The Naked Empire Bouffons cannot consider inconvenient truths low priority. Crass assumptions about serious topics incite The Bouffons’ mania.
“People have walked out,” McClendon said. To audience members who find her work offensive, she says, “We’re not making this shit up, it’s all based in truth, so when we’re throwing these things at you and you’re getting offended, you may be offended at our format or that we’re not coddling you, but this is true.” She invites the squeamish to evaluate why they are responding in such personal ways.
McClendon spent four years as part of an all women’s circus in Santa Fe, New Mexico. There, she was literally rescued from her dark depression by discovering clown, and got the idea to pursue clown for a living. She attended Dell-Arte in where she was introduced to bouffon, but ended up pursuing clown in the Bay Area. After spending two years injured, in pain, and suffering from post-traumatic stress disorder from being hit by a city bus in Emeryville, McClendon re-entered the performance business and found Naked Empire, where she took Justiniano’s weekend intensive and found her true calling for bouffon.
“I realized I could turn that darkness into laughter and make it a joke,” she said, “My cynicism had a place to go.”
The third member of the company is the program director, Sabrina Wenske. After graduating from University of California, Berkeley, she attended Dell’Arte, where she was introduced to bouffon. She heard about the man in the Bay Area who had a business called The Naked Empire Bouffon Company, from where she too, took Justiniano’s intensive and discovered her love for the art form.
“Bouffons wield silence like a knife,” she said, “They just know exactly when to make people laugh and when to make people sit in silence with them.”
She quickly became a key asset to the company by putting together monthly shows and getting butts in seats.
The Naked Empire Bouffon Company sources its performers mostly from trainings.

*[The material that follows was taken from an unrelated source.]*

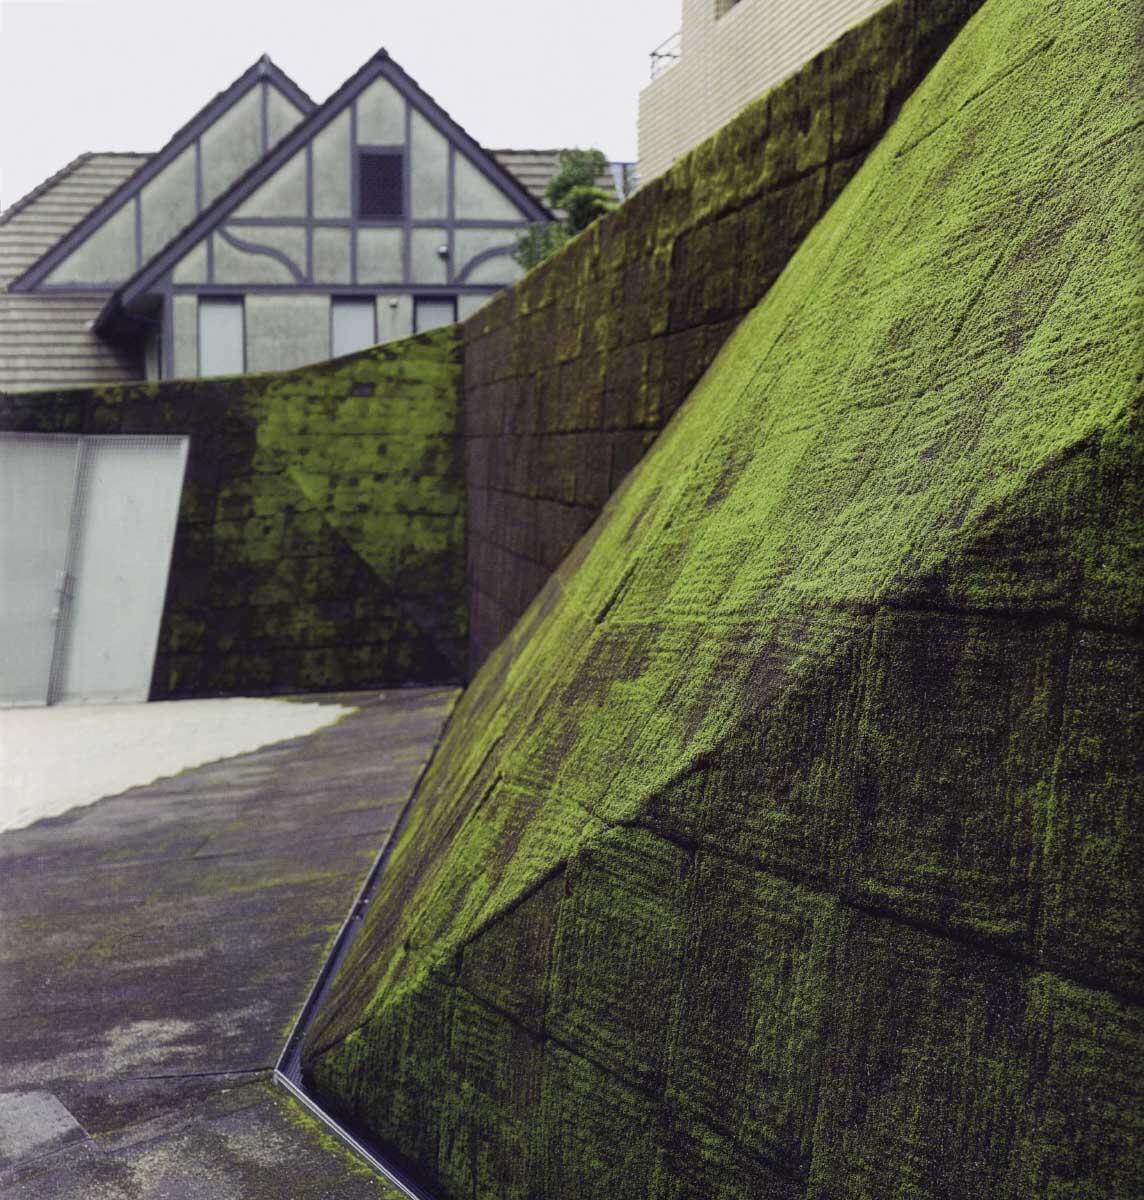 Hof neben dem Prada-Shop Tokyo (2003) von Herzog & de Meuron: eine Anspielung an traditionelle japanische Moosgärten.  Bild: Mario Ciampi, aus: Anna Lambertini, Mario Ciampi, Vertikale Gärten, München 2009 (Orig. 2007)

The performers build shows on a consistent basis for the months ahead, but these monthly “Too Soon” shows are built the day of the show. That Saturday, they worked from eleven in the morning to nine thirty at night with less than an hour break in the evening for a nap. They took the stage at ten thirty sharp.
“They were so toasted, so exhausted and I was feeling honestly guilty about putting them through this,” Justiniano said about the performers. Next month, he’s looking to have more bouffons to create more content at a faster rate, and also wants to structure the practice differently so that the performers get started earlier in the day and get a nice long break before the show.
“I’m just so proud of everybody,” Justiniano said. “I feel like [this show] was a smart thing to do for the company … This is my little baby from 2009, this little seed of an idea that I wanted to play with forever. And people are game.”
As long as there is tragedy in the world, there is a need for education around societal dysfunction. The Naked Empire recognizes that it’s easier to come to terms with this dysfunction through humor rather than shame, though many will leave the theatre feeling shameful about racial profiling, and questioning why officers at the San Francisco Police Department shot at Alex Nieto fifty nine times.